# What is OOBE, can I delete them?



## heyjonnyb (Mar 1, 2002)

I have 260 entries for this and it is taking up precious HD space. It is listed with .dlls and system so I wonder if I can delete them safely? Does anyone know or will some of you guess? Please don't tell me to put them in my recycle bin and wait two weeks either. That's when I know that you guessed.


----------



## Rollin' Rog (Dec 9, 2000)

OOBE, most commonly stands for "Out-of-Body-Experience". Or maybe "Out-of-Box" if it was created during an install 

Had any lately? Seriously, I don't know what it is and would suggest you put in the recycle bin for a while.

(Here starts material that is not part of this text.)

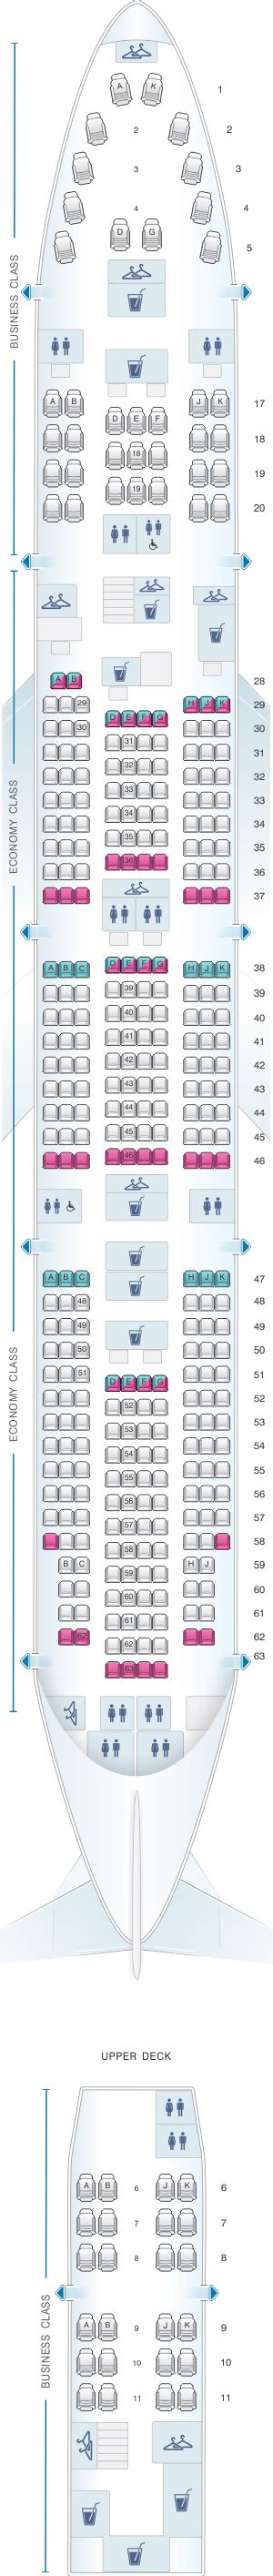 Seat Map China Airlines Boeing B747 400 375pax Seatmaestro
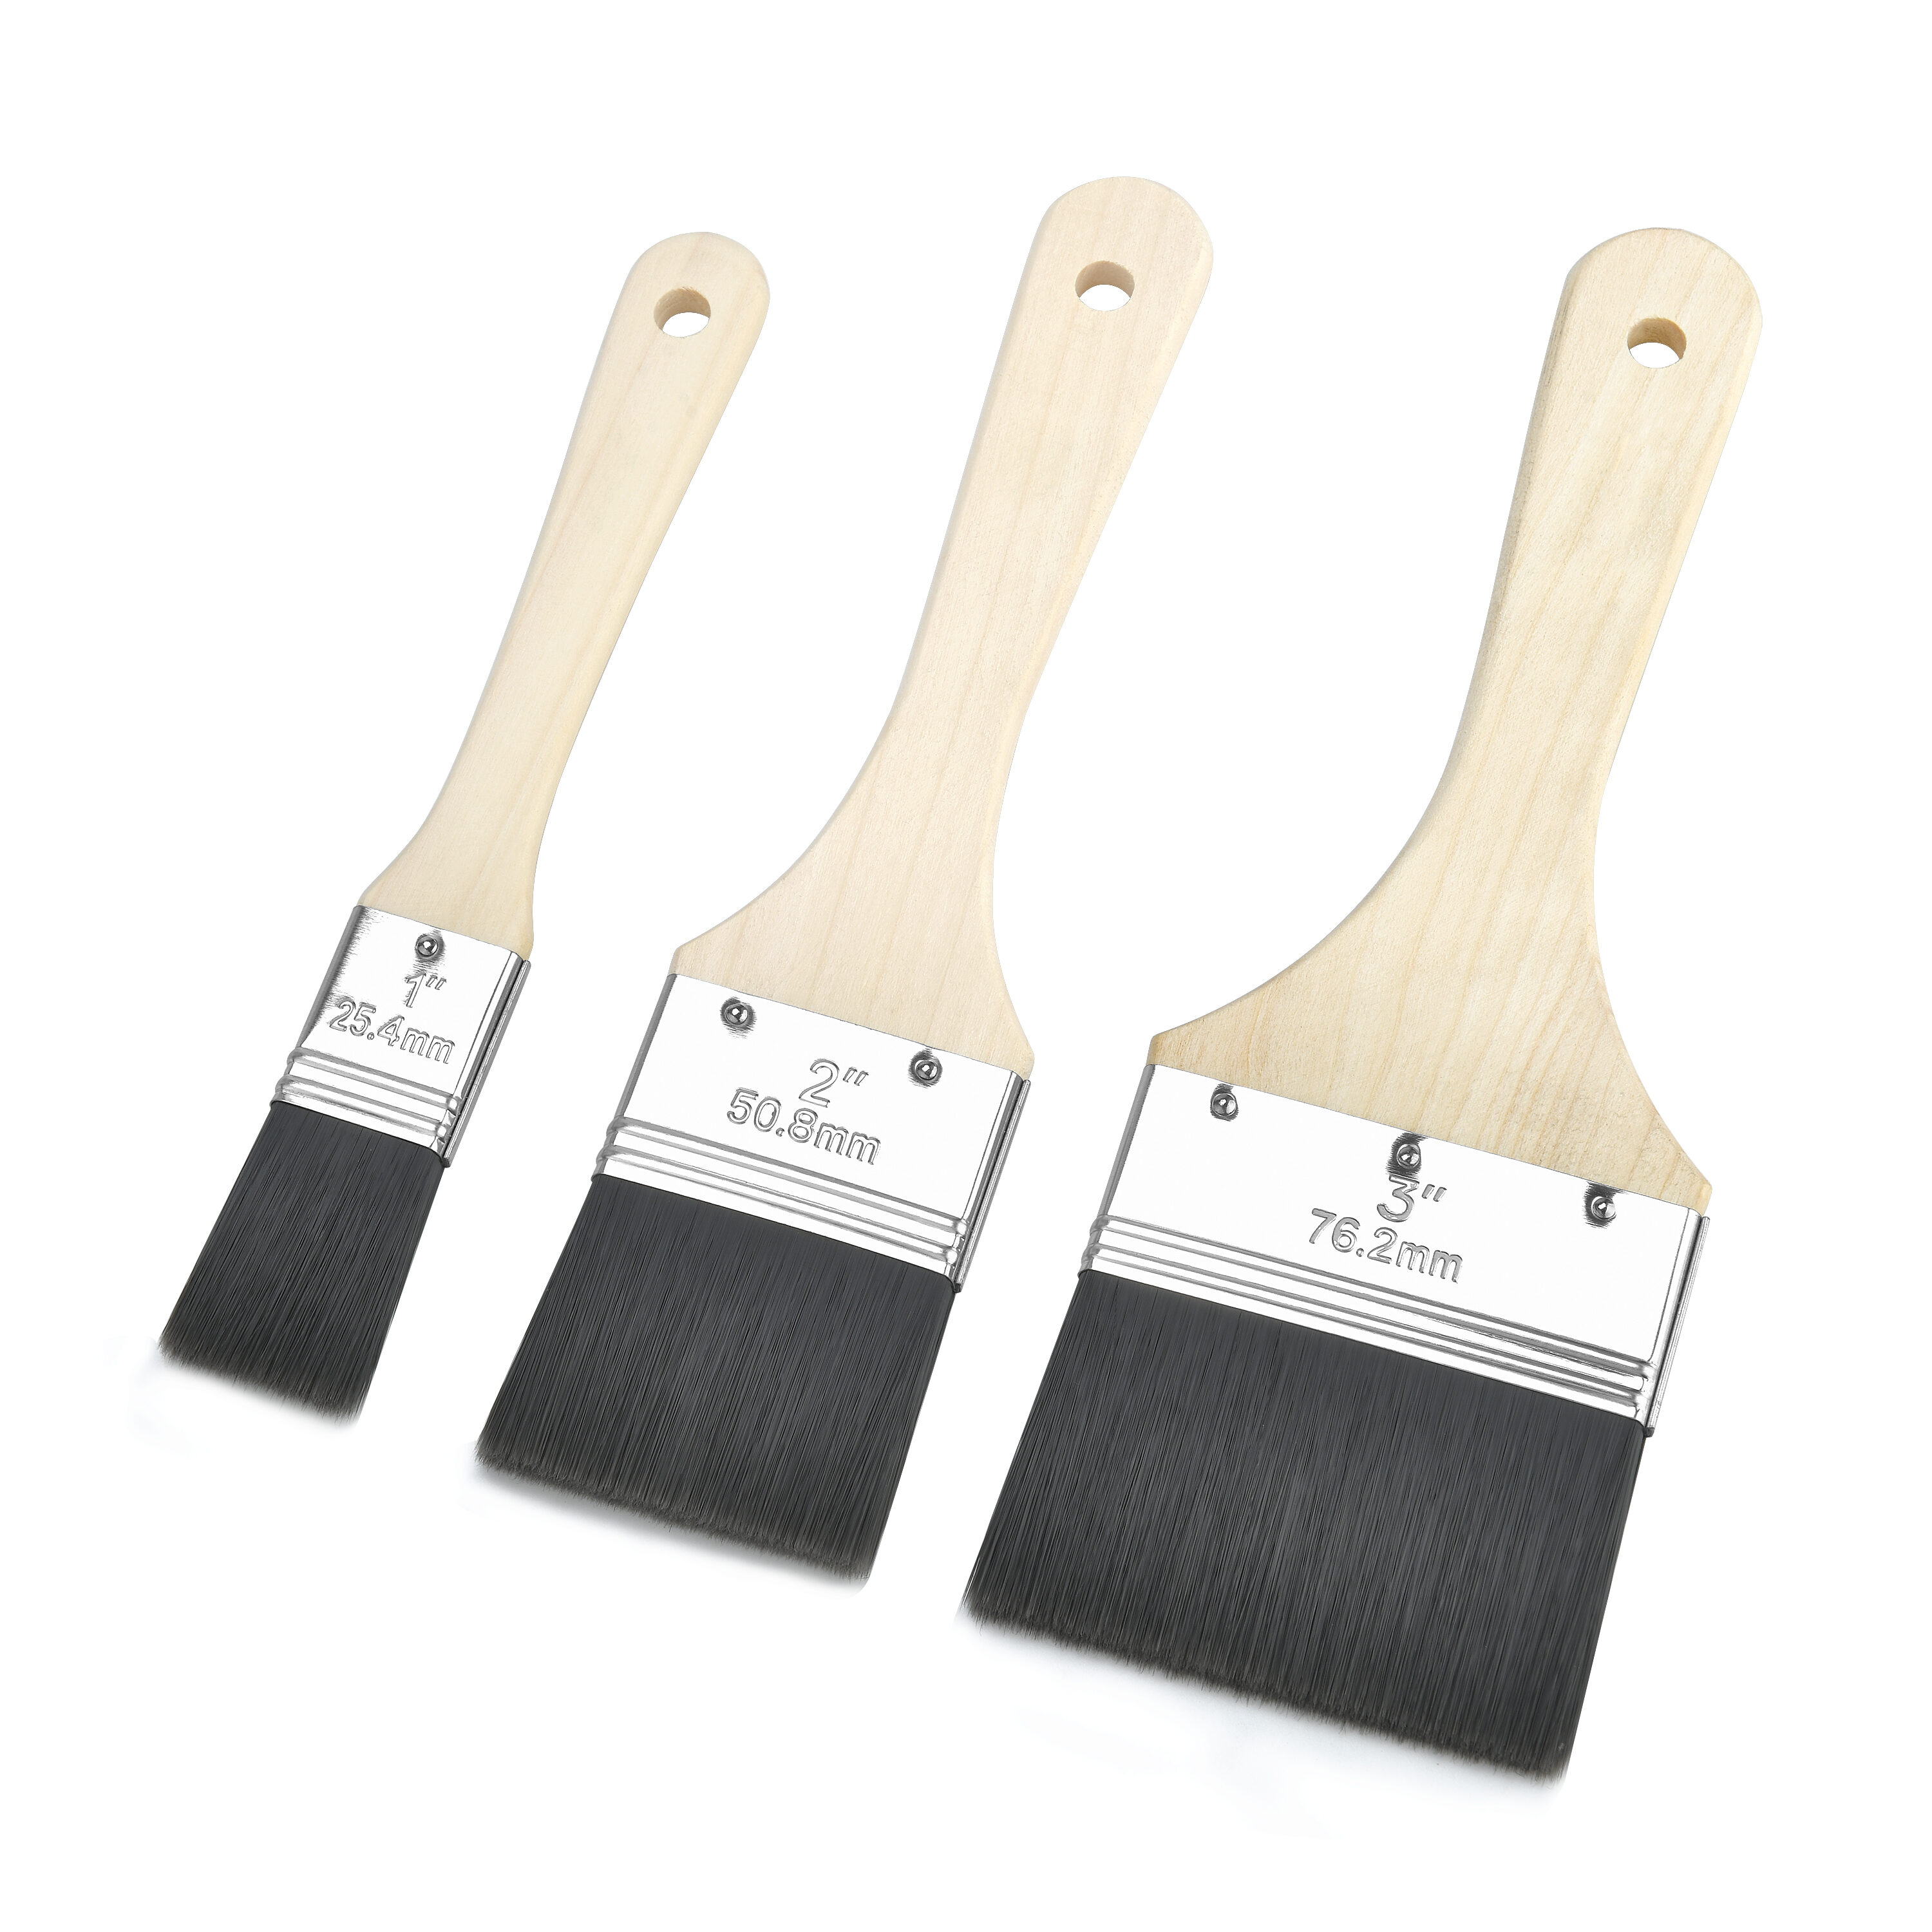 Project Source 4-in Natural Bristle Flat Paint Brush (Chip Brush) in the  Paint Brushes department at

What is the file extension on these? If they are dlls, right click on them and select Properties>Version; see what the copyright info is.


----------



## flynstone (Feb 22, 2002)

I don't have any OOBE on my machine (except Icwoobe.exe)
I am running W98SE - was advised in an earlier post on this site that it could go - sorry cannot remember oobe said it - but it went!!


----------



## [email protected] (Feb 11, 2001)

Roger,

Thanks for the laugh. It is hard to convince co-workers that I'm really working when I am sitting here laughing outloud to myself.


----------



## Rollin' Rog (Dec 9, 2000)

Nice to know if I can't fix a problem, at least I'm good for a laugh


----------



## griffinspc (Nov 16, 2001)

See this thread just below, or above, depending on repsonses 

http://forums.techguy.org/t69994/s.html

Spaceman has a reference to your; OOBE


----------